(Bruselas) – Los atentados con explosivos perpetrados en el aeropuerto Zaventem y el metro de Bruselas el 22 de marzo de 2016 constituyen actos de violencia absolutamente despreciables, señaló hoy Human Rights Watch. Los ataques dejaron un saldo de decenas de muertos y un número mucho mayor de heridos, según fuentes oficiales. Al momento de redacción de esta nota, ningún grupo se había atribuido responsabilidad por el hecho.

En los últimos 10 días, mortíferos ataques también acabaron con la vida de numerosas personas y decenas han resultado heridas en Turquía y Costa de Marfil.

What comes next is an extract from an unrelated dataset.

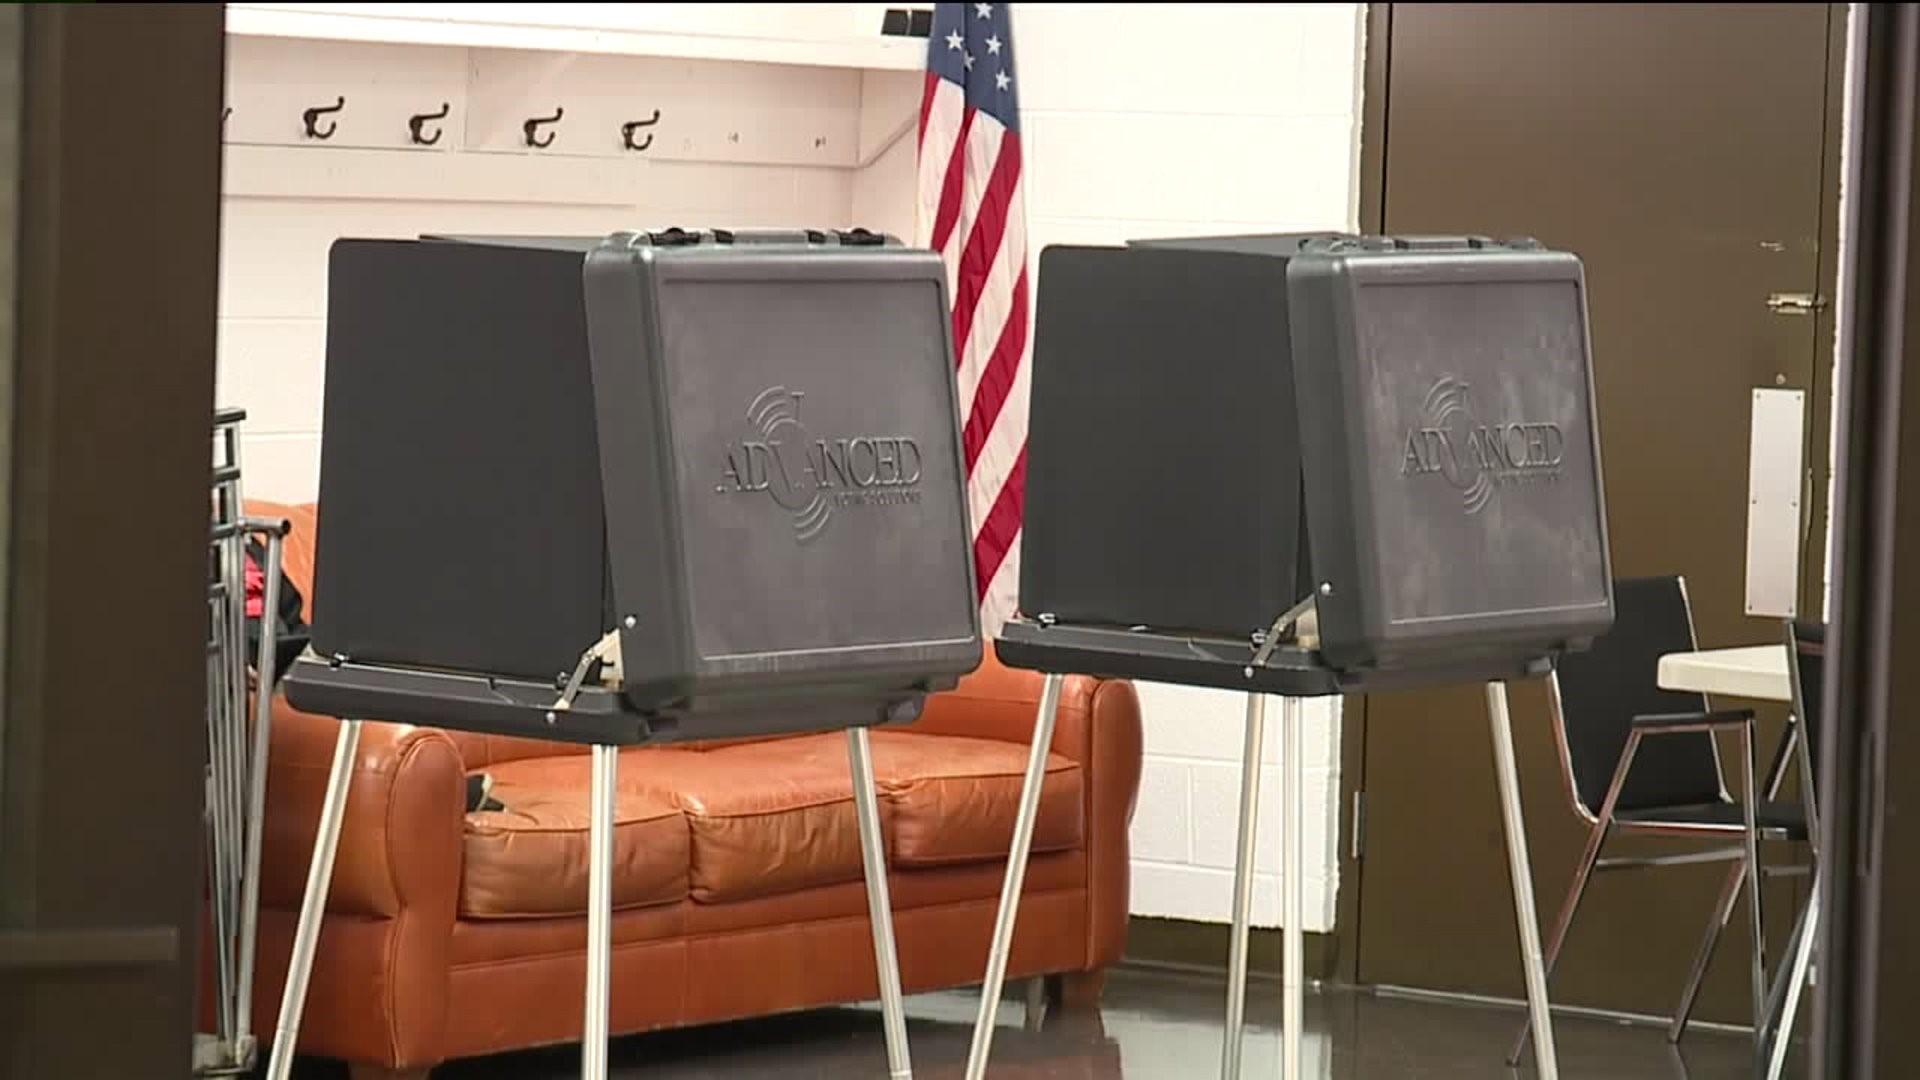 Voting Delayed in Taylor Precinct
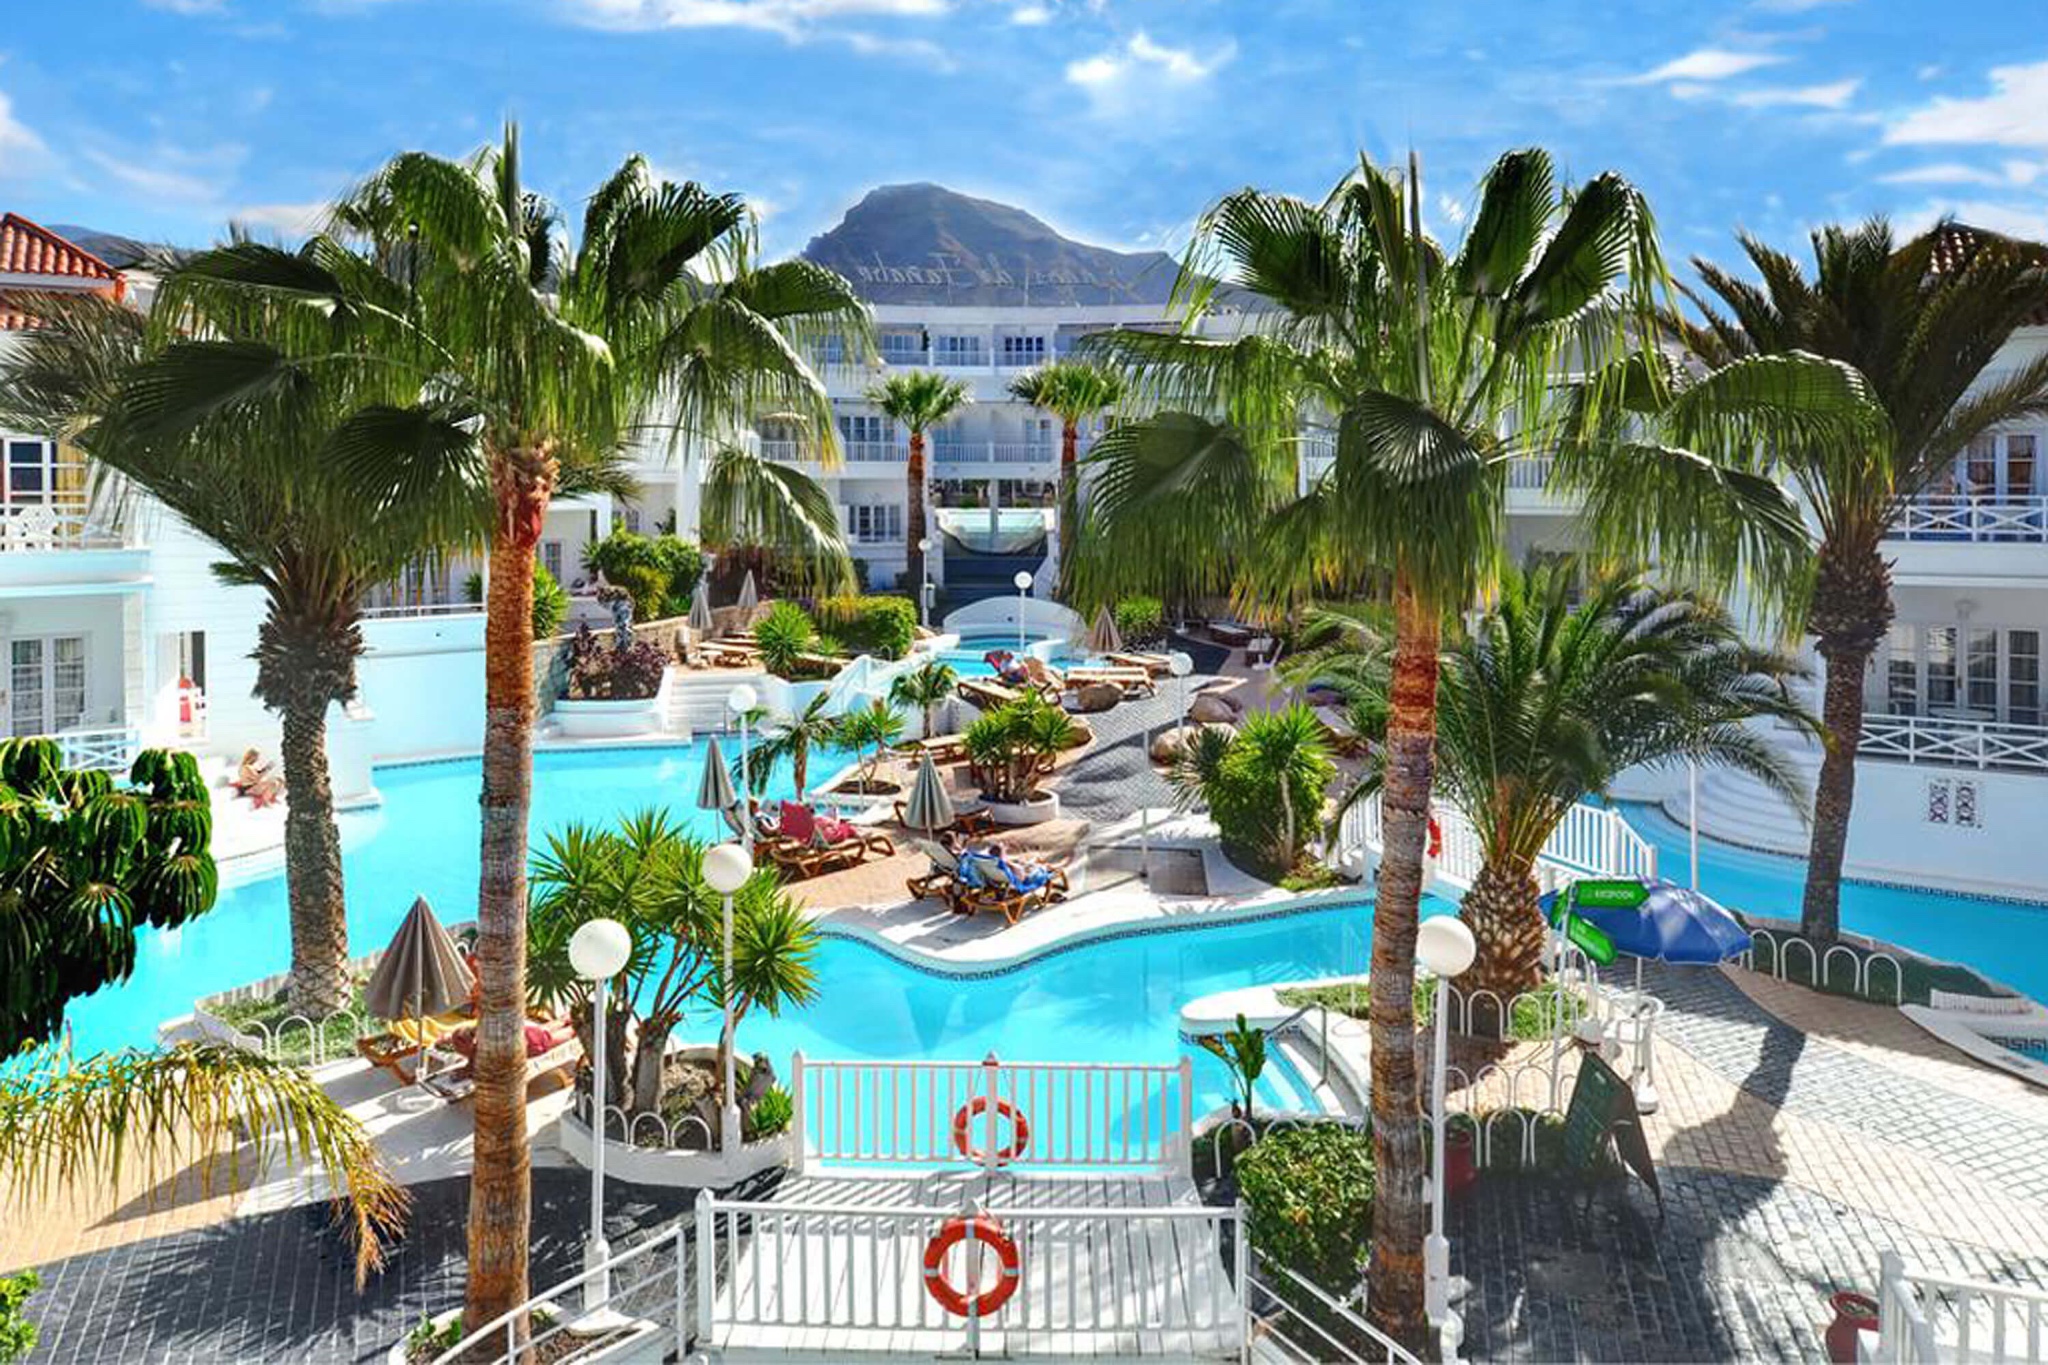 Appartement de vacances situé dans un complexe tropical avec piscine communautaire et à quelques minutes seulement de la plage

Un hombre coloca una bandera belga en memoria de las víctimas de los ataques en Bruselas, Bélgica el 22 de marzo de 2016.

© 2016 Reuters

“Nuestros pensamientos están con todos aquellos que han perdido a seres queridos, y con las numerosas víctimas de estos actos aberrantes y deleznables”, indicó Lotte Leicht, directora para asuntos de la Unión Europea de Human Rights Watch. “En este momento de horror, estos agravios a nuestros principios más fundamentales nos dan incluso mayores motivos para proteger los derechos humanos y el estado de derecho”.

Human Rights Watch instó a las autoridades belgas a responder mostrando un férreo compromiso con el estado de derecho y los derechos humanos en sus acciones para prevenir otros atentados y posibles actos de represalia contra comunidades y personas.

“Debemos proteger los principios de derechos humanos que están siendo violentados por los extremistas”, observó Leicht. “Ese es el desafío común que tenemos por delante”.